A pyrometer is a type of remote sensing thermometer used to measure the surface temperature based on the amount of thermal radiation. Various forms of pyrometers have historically existed. In the modern usage, it is a device that determines the surface temperature of a material at a distance based on the spectrum of the thermal radiation it emits.

Emissivity

Pyrometers are IR temperature sensors that use a setting called emissivity to relate IR energy to temperature. Emissivity is determined by a materials ability to radiate heat energy relative to a black body, and is given as a constant between 0 and 1. An ideal black body emits thermal radiation at around 448Watts per square meter at 25C, and materials are rated on how they compare.

For example a black surface will emit better than a white surface. Keep in mind that ideal back bodies absorb all light such that only the heat energy is being emitted. White objects reflect light along with the heat emission reducing the heat signature. Shiny reflective surfaces are even lower in emissivity because of this property. Metals like gold and silver can be more difficult to measure because of their low emissivity.

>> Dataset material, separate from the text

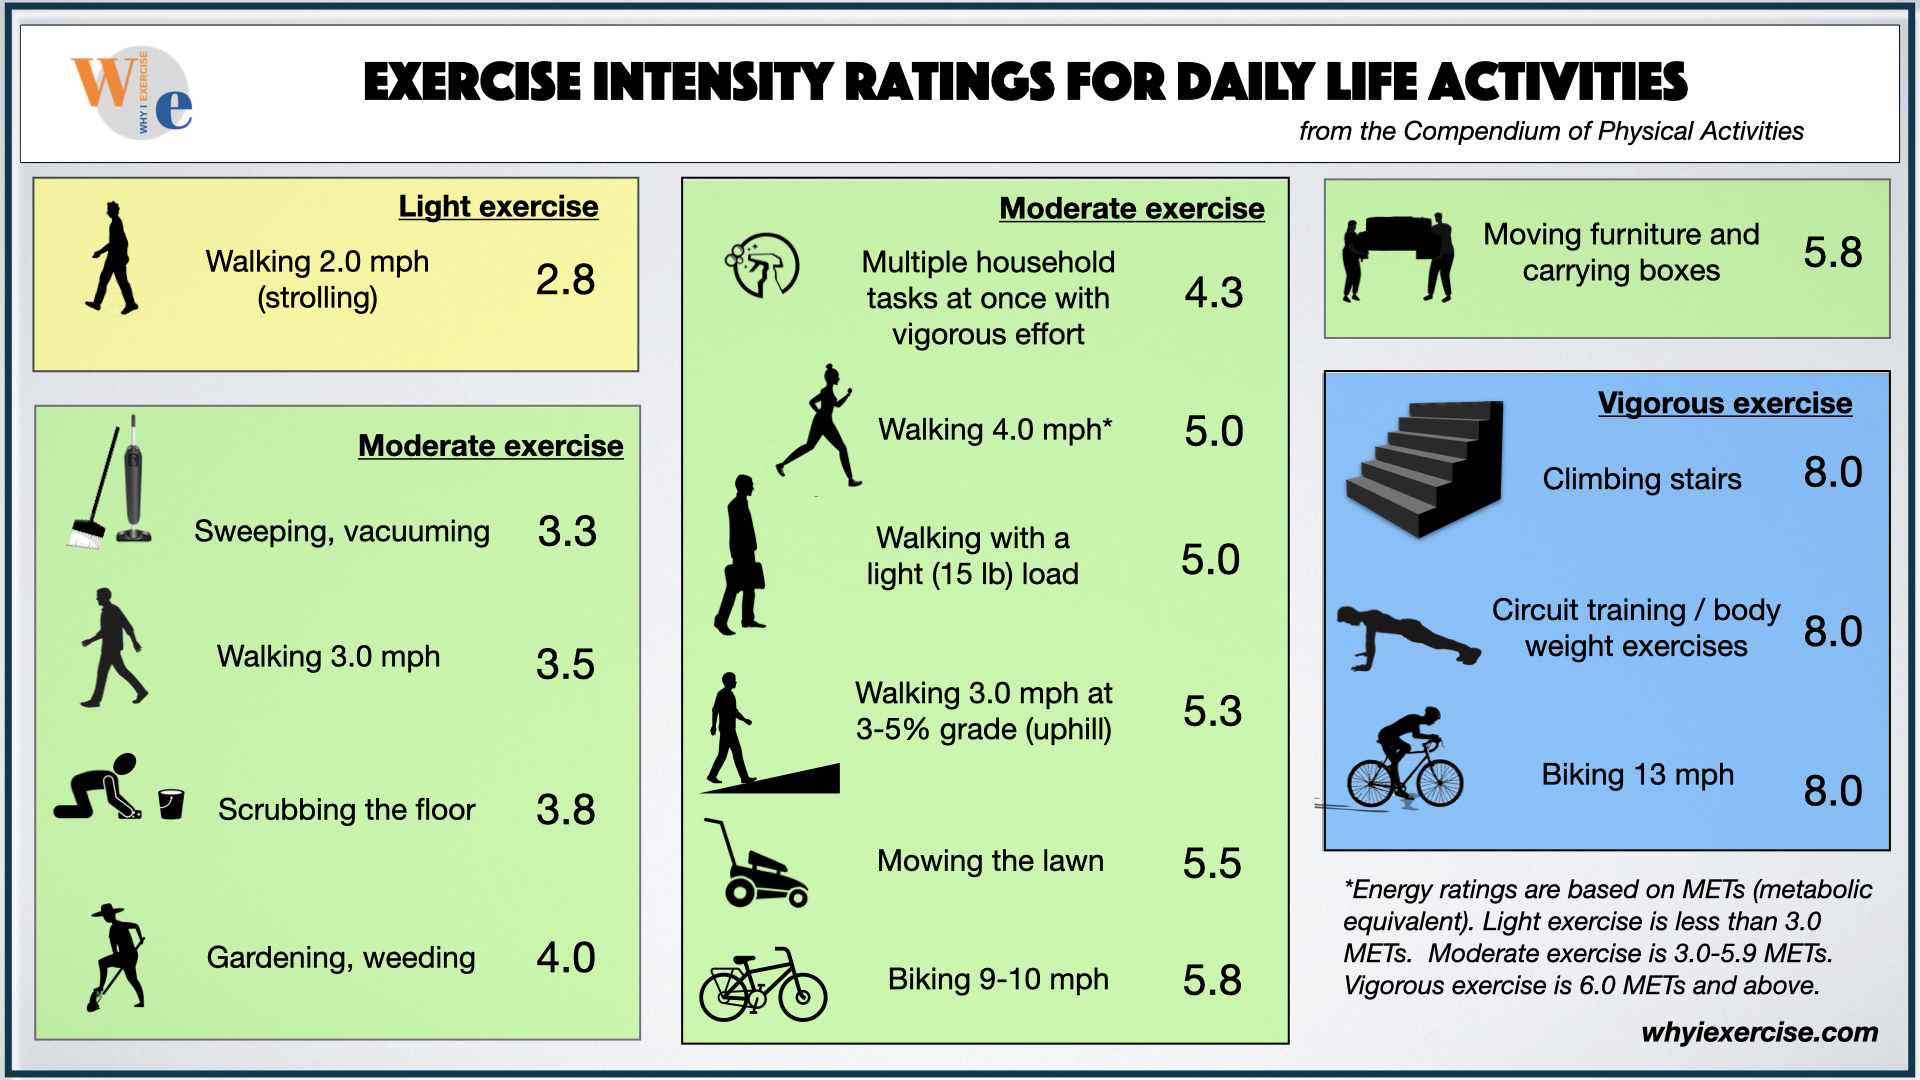 Exercise intensity for daily life activities.

By Hedwig Storch CC BY-SA 3.0

Advantages of Non Contact Measurement

Temperature is one of the most common quantities measured, second only to time. While the contact methods mention in the prior post are effective, there are many advantages to non contact temperature measurement.

Speed: The IR detectors respond to the light energy in fractions of a second (mili-seconds typical), and do not require conduction to transfer energy.

Moving Targets: Materials moving on a conveyor belt can be measured without contact.

Hazardous Environments: The temperature of hazardous and physically inaccessible objects like high voltage components can be measured at a safe distance.

High Temperatures: The contact methods cannot handle environments above 1300°C, but using the emitted IR energy allows measuring temperature in excess of 1300°C without issue.

Non Invasive In most cases measuring a quantity causes a change in the quantity. However using emitted IR energy for temperature allows the temperature to be measured without any impact. In other words using a pyrometer prevents any loss of energy from making a measurement.

For example IR pyrometers are used in furnaces because of both the high temperature and lack of accessibility. A pyrometer, also called a radiation thermometer, is used to monitor the temperature of items that are changing phases from liquid to solid. This can be as simple as monitoring the temperature of a varnish drying without scratching the surface.

By Trotec-gmbh Public domain

Considerations

The detector is defined as the measurement device and the target is the device under test. Special considerations are required when measuring targets that have background energy that interfere with the thermal signature. For example if the target is much cooler than the background, the background must be insulated. Other considerations involve the medium between the detector and the target. For example particles like dust should be filtered as not to obstruct the signature of the target.

IR energy is not one fixed wavelength, and there are detectors available that focus on two or more wavelengths. The science of thermal radiation is responsible for the development of pyrometry.

Conclusion

The scope of this post is to communicate how pyrometers measure temperature based on the IR energy that is emitted because of heat. A key term mentioned is emissivity, in that the target being measured is emitting the heat signature. For example some IR detectors have laser pointers, and it is important to note the laser pointer is not making the measurement. The measurement is form the thermal energy being emitted, and the pointer is used to position the instrument.